▶ [TASK GOAL]
Return the listing below exactly as it stands. Pictures stay out.

▶ [INFORMATION SUPPLIED]
::::::
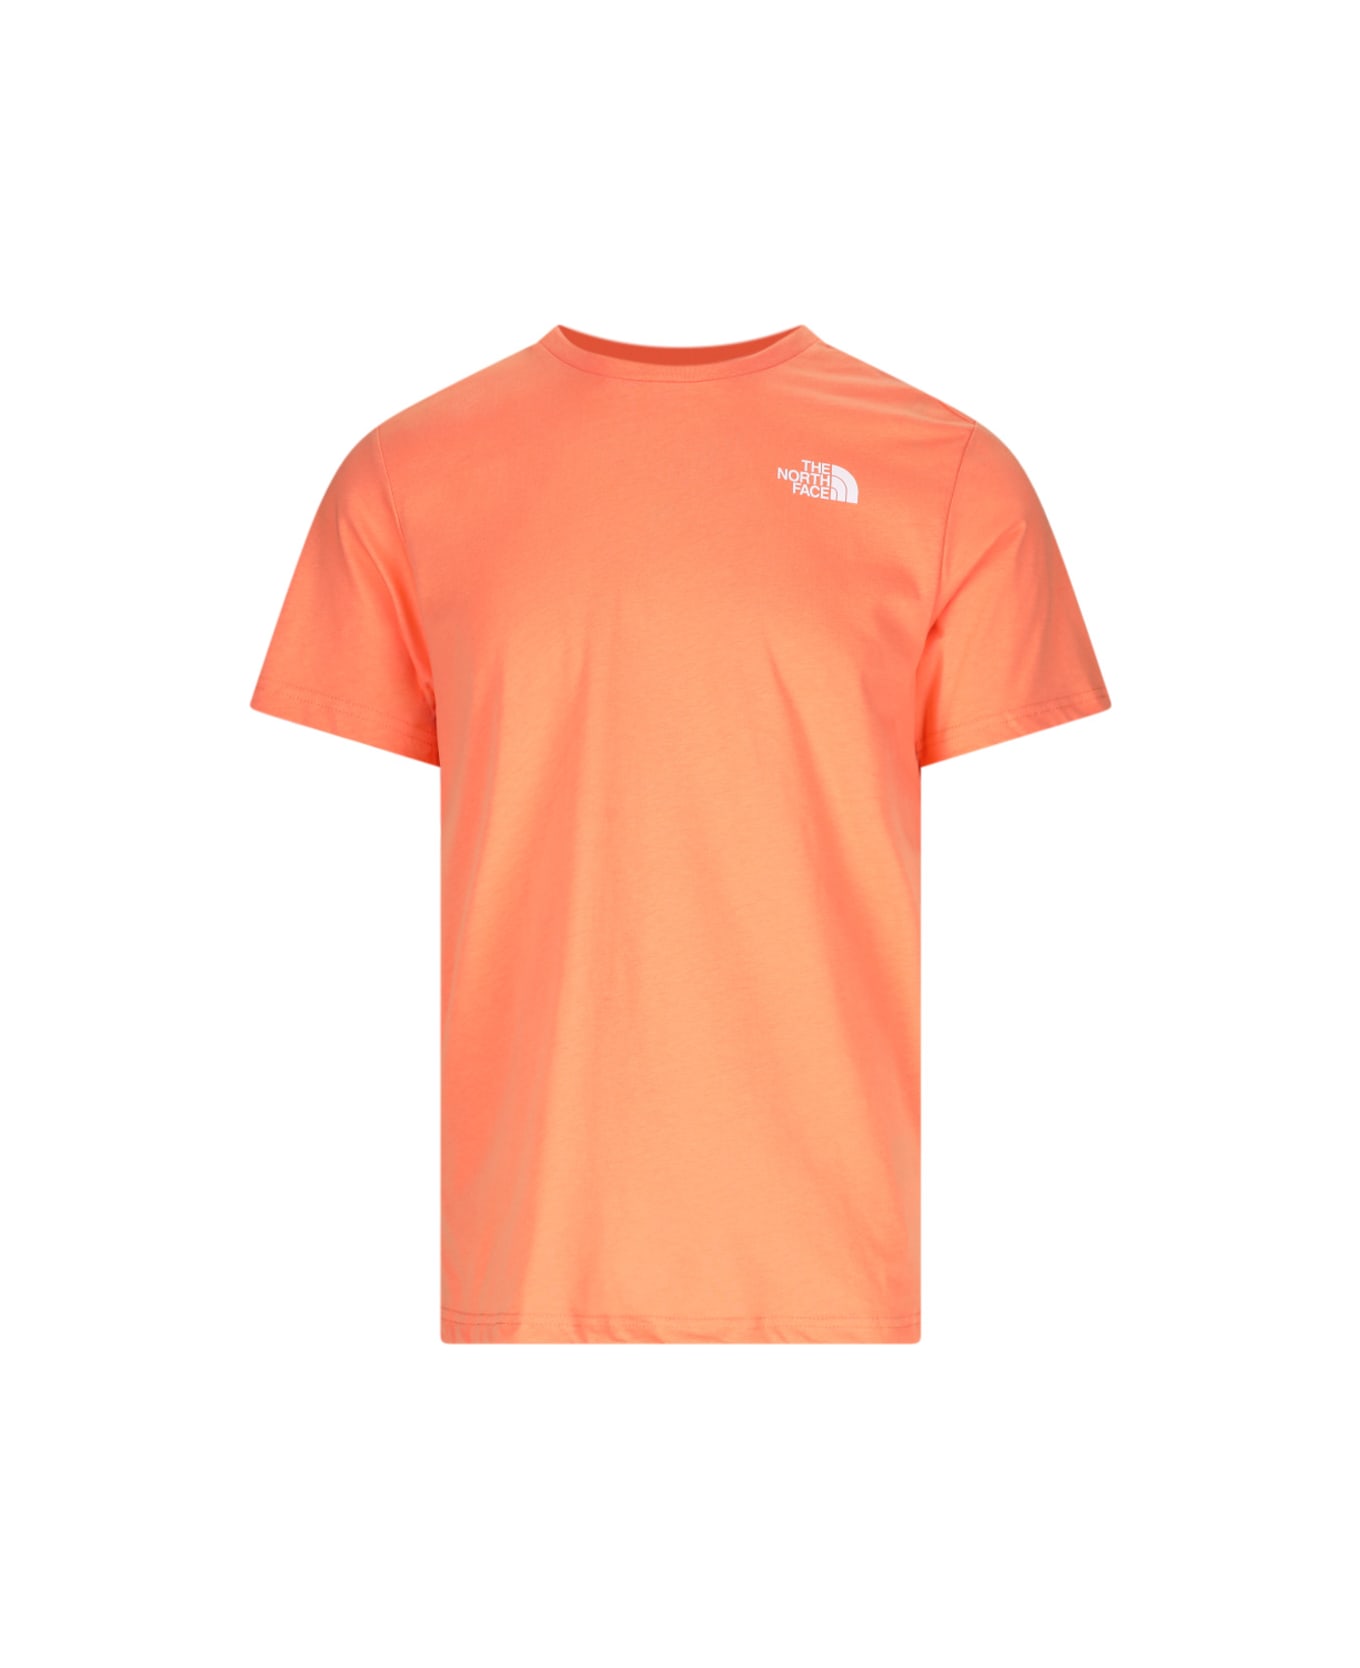 The North Face Logo T-shirt - Orange シャツ
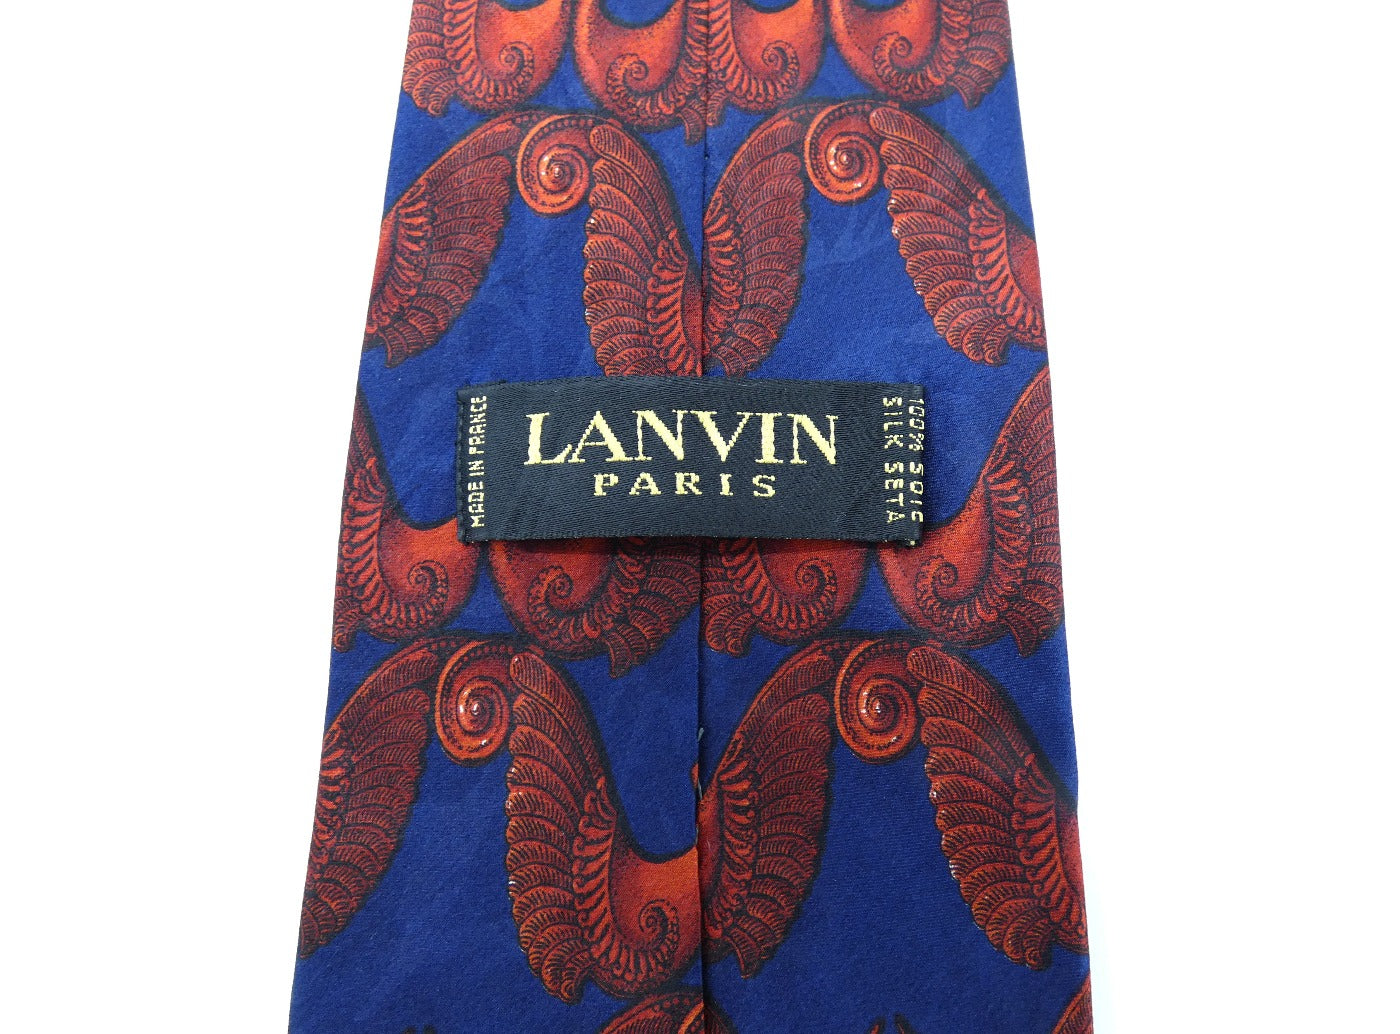 Lanvin Royal Blue and Bordeaux Bird Graphic Silk Tie Ties Lanvin
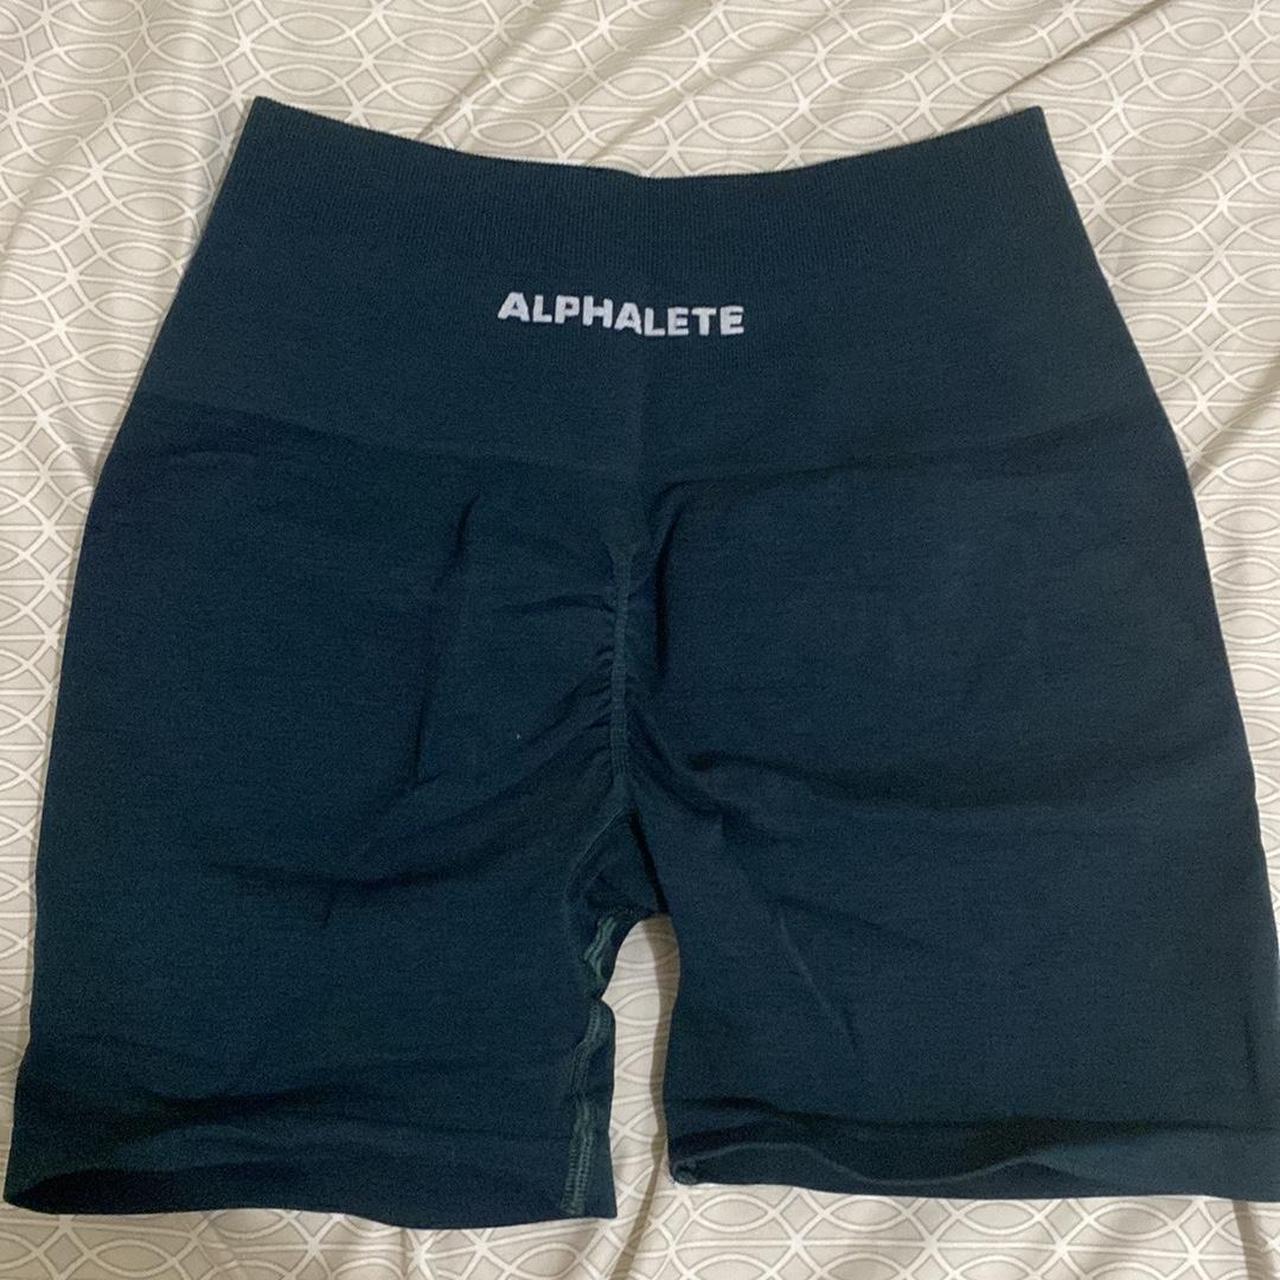 Alphalete Amplify Shorts Color: teal Size small no... - Depop
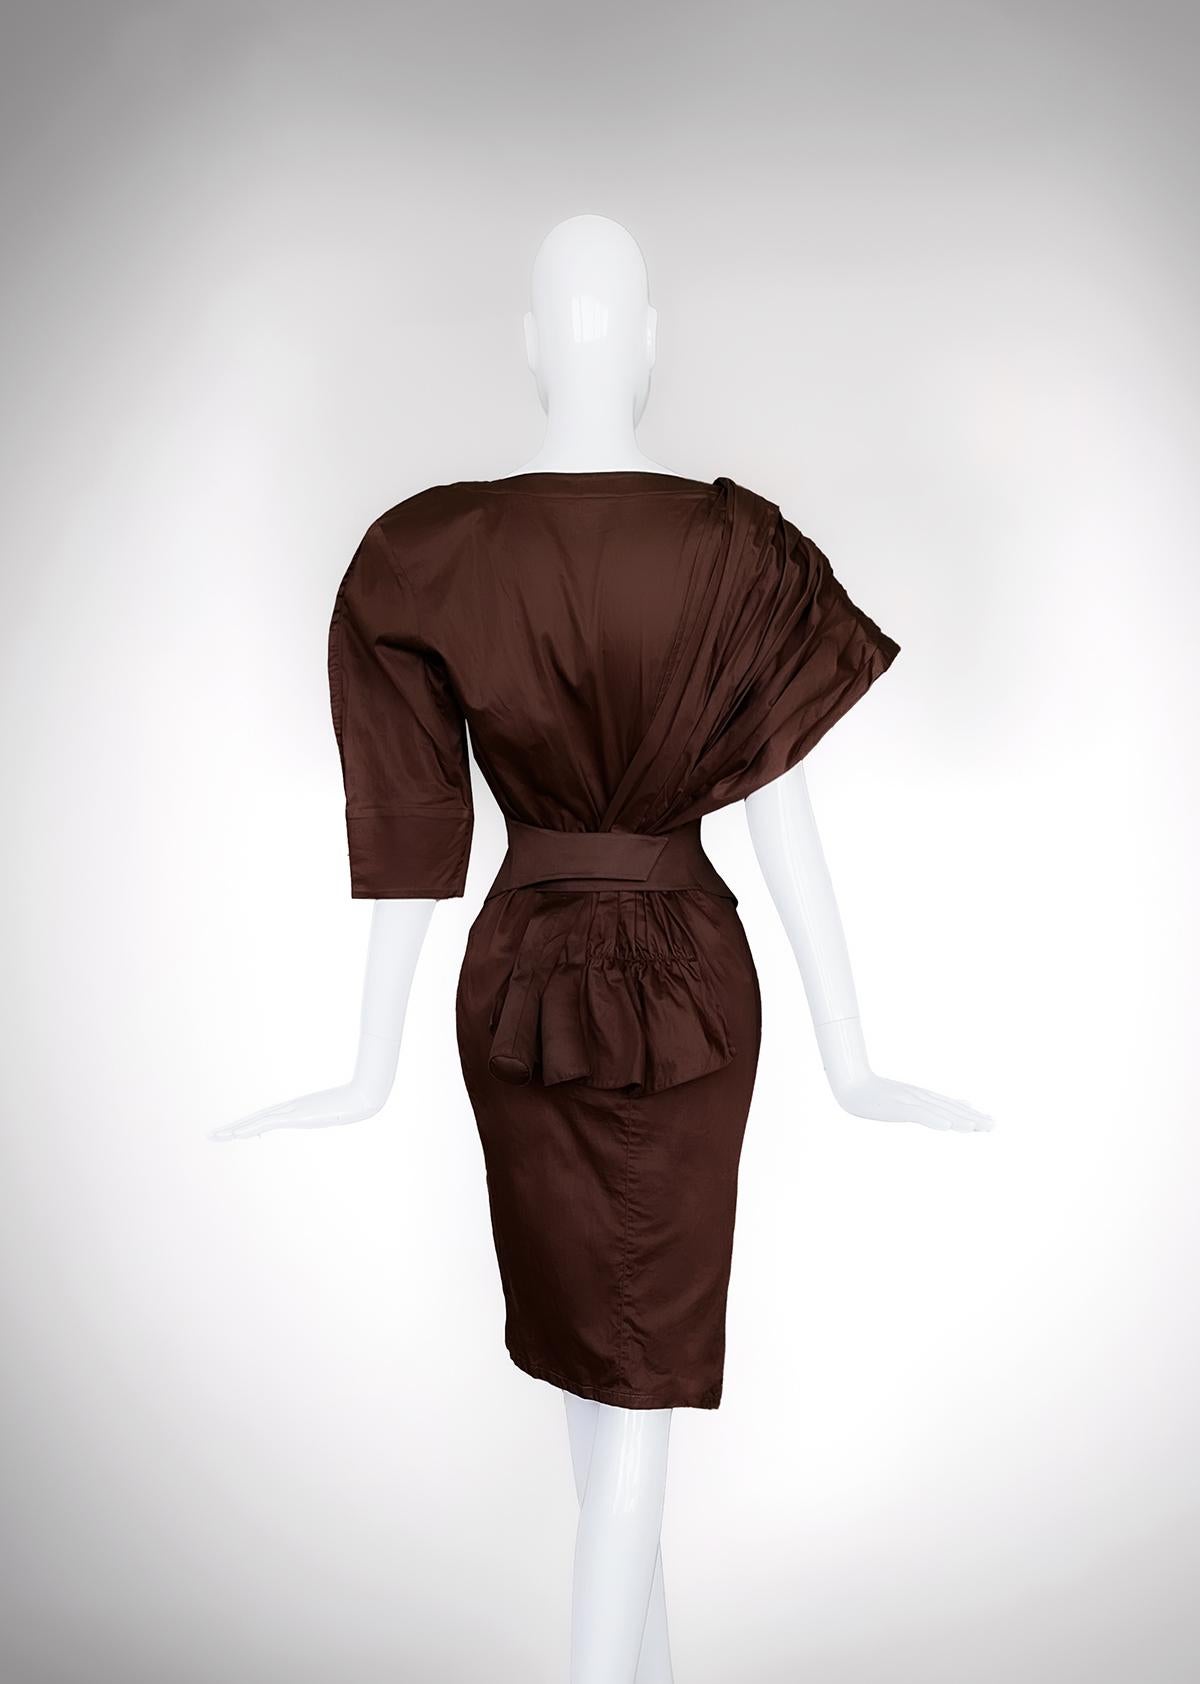 Thierry Mugler Goddess Dress Archival SS 1988 Sculptural Gown  For Sale 5
::::::
▶ [SOLUTION]
 The North Face Logo T-shirt - Orange シャツ
 Lanvin Royal Blue and Bordeaux Bird Graphic Silk Tie Ties Lanvin
 Alphalete Amplify Shorts Color: teal Size small no... - Depop
 Thierry Mugler Goddess Dress Archival SS 1988 Sculptural Gown  For Sale 5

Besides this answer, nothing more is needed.